Потом настал момент, когда участников семинара попросили назвать важные факторы-предвестники, то есть факторы, которые могли бы предсказать возможности пациента по психологической адаптации к раку. Участники семинара предлагали факторы, а доктор Ли, специалист по раку, записывал их мелом на доске: стабильность брака, доступные больному ресурсы окружающей среды, профиль личности, история семьи. Пола подняла руку и произнесла: «А как насчет мужества? Или духовности?»
Доктор Ли смотрел на Полу подчеркнуто долго, молча подбрасывая и ловя мелок. Наконец повернулся к доске и записал предложения Полы.
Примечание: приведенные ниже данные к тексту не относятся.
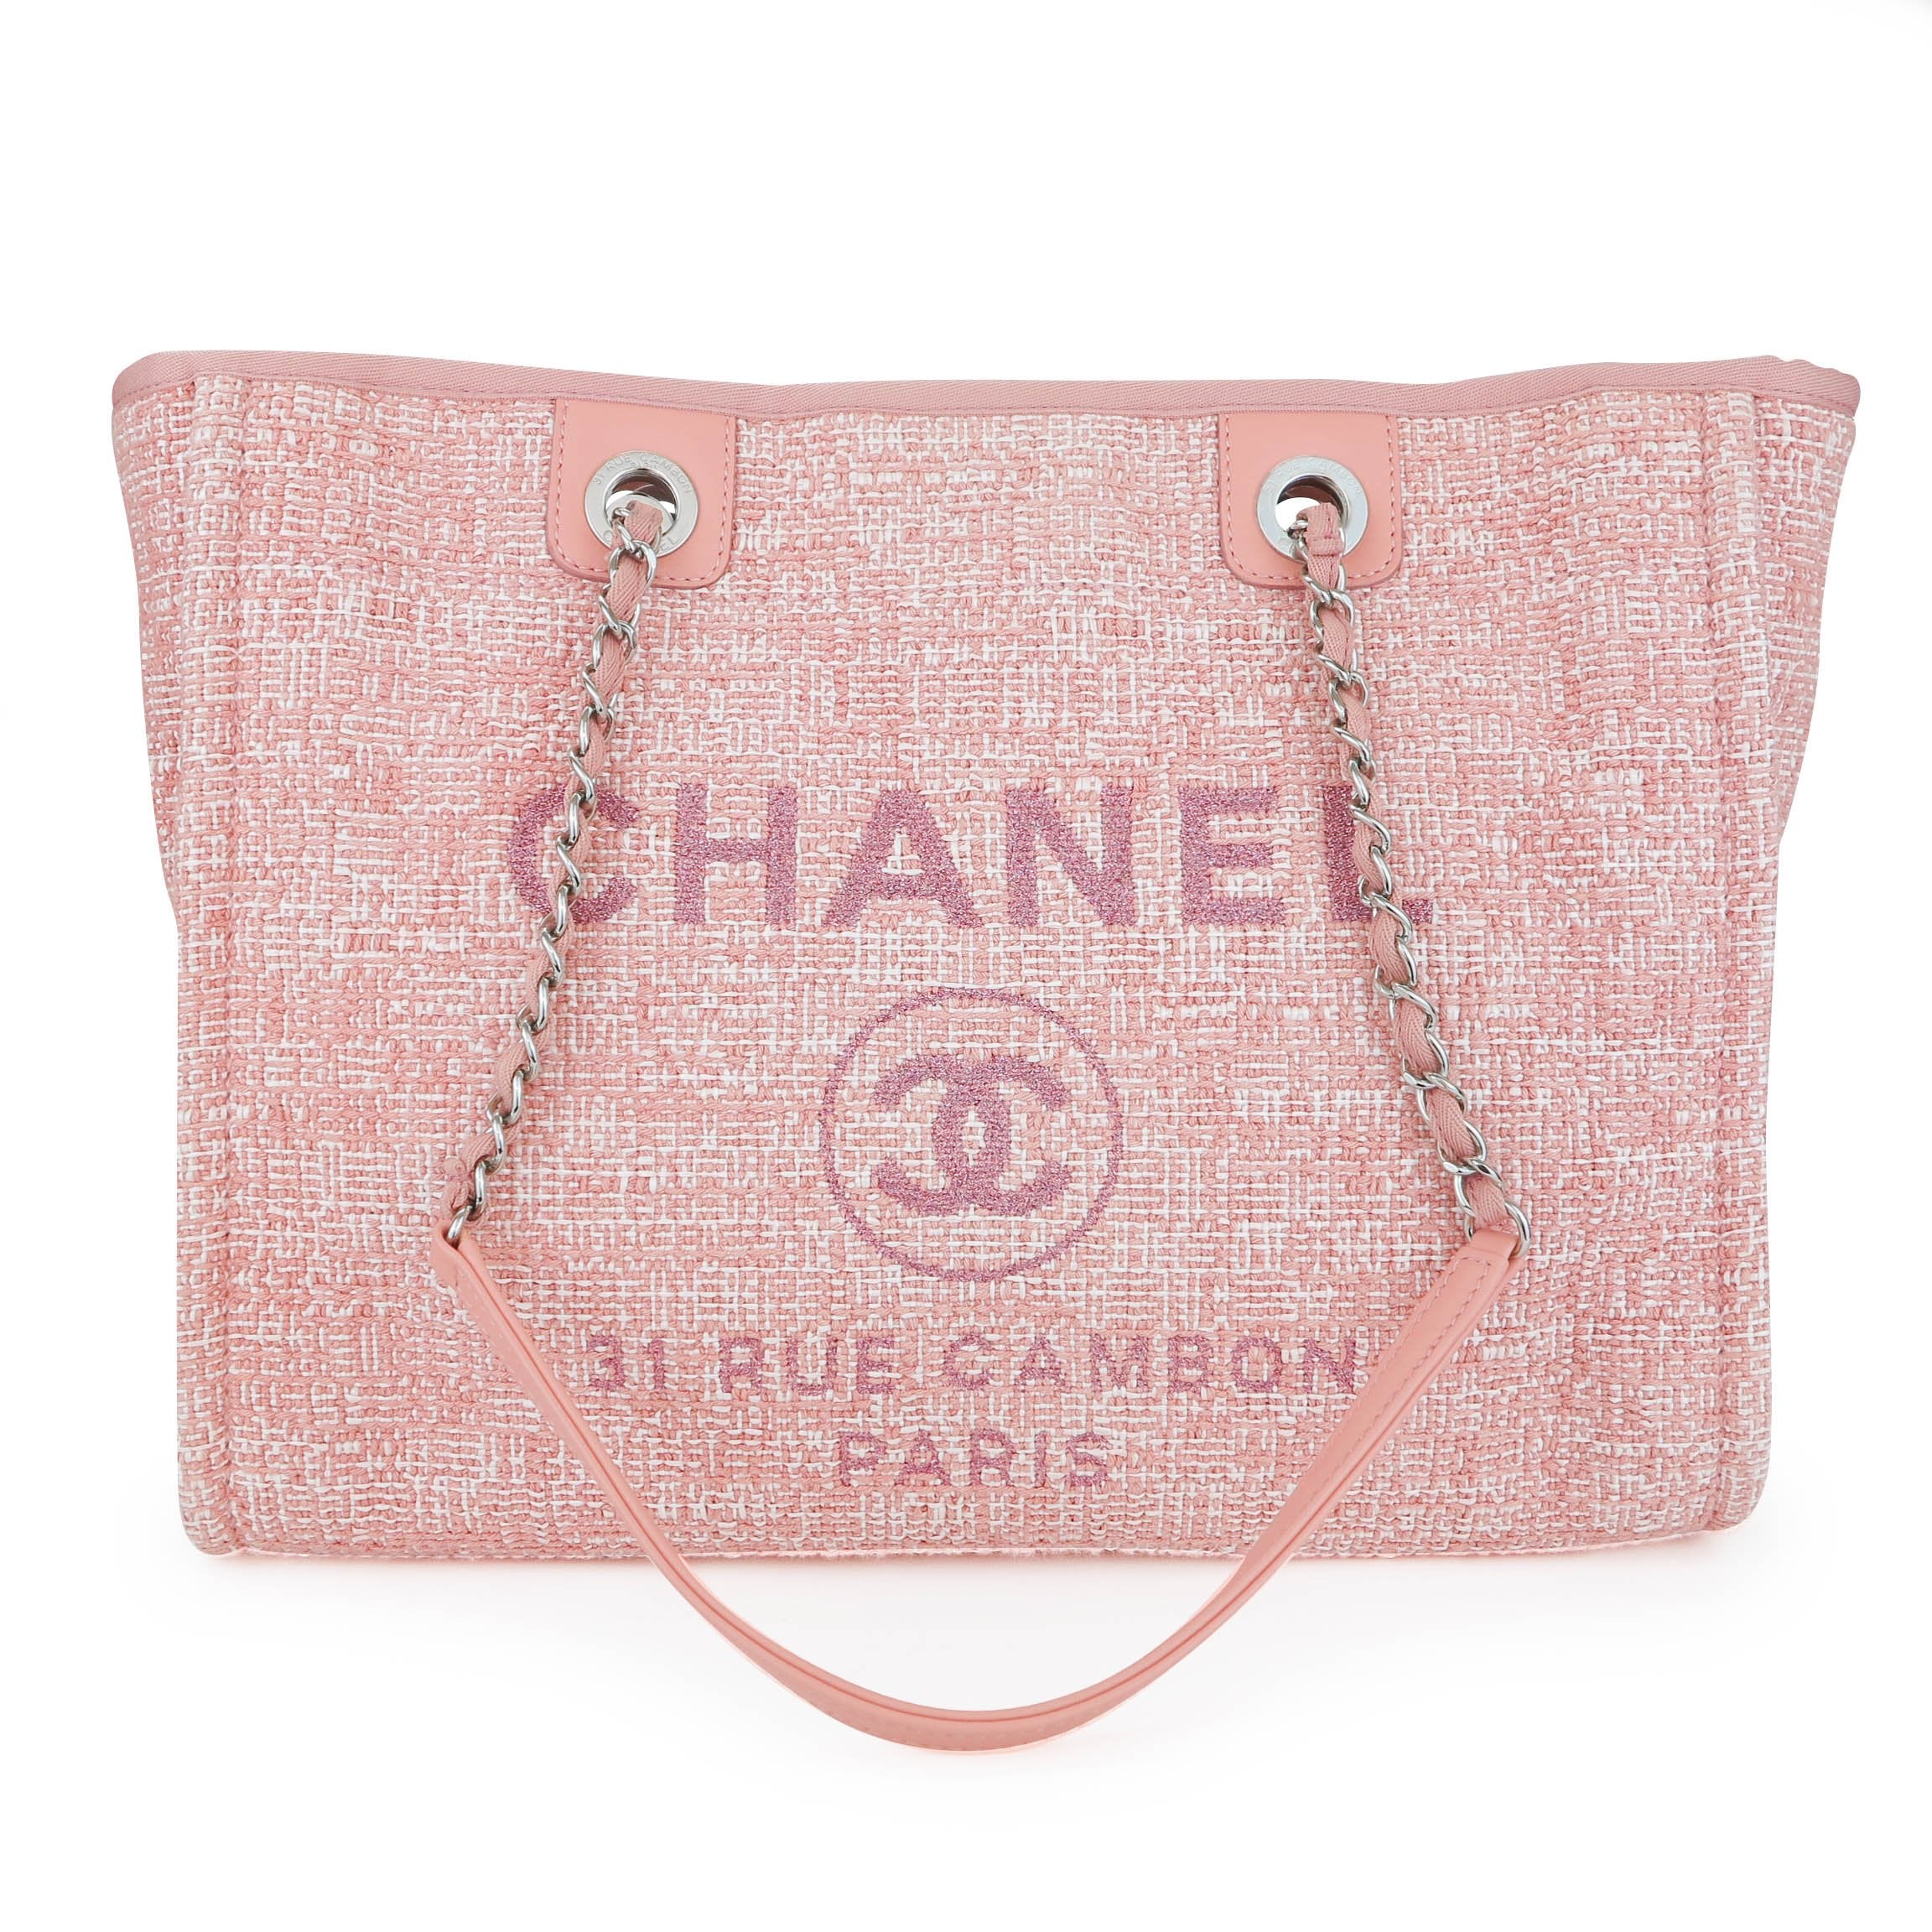 CHANEL Small Glitter Deauville Tote Bag in Pink Canvas

Я считал, что они не лишены смысла, но прекрасно понимал — как и все собравшиеся — что доктор Ли, глядя на взлетающий в воздух мел, думал: «Кто-нибудь, ради Бога, уведите отсюда эту старуху!» Позднее, за обедом, он презрительно назвал Полу проповедницей. Несмотря на то, что поддержка и рекомендации доктора Ли, выдающегося онколога, были незаменимы для проекта, я рискнул возразить и стойко защищал Полу, подчеркивая ее важнейшую роль в организации и работе группы. Мне не удалось переубедить доктора Ли, но я был горд, что вступился за Полу.
В тот же вечер Пола мне позвонила. Она была в ярости.
— Все эти врачи на семинаре — роботы, не люди, а роботы! Мы, пациенты, те, кто борется с раком двадцать четыре часа в сутки — кто мы для них? Я тебе скажу: мы всего-навсего «неадекватные стратегии личностной адаптации».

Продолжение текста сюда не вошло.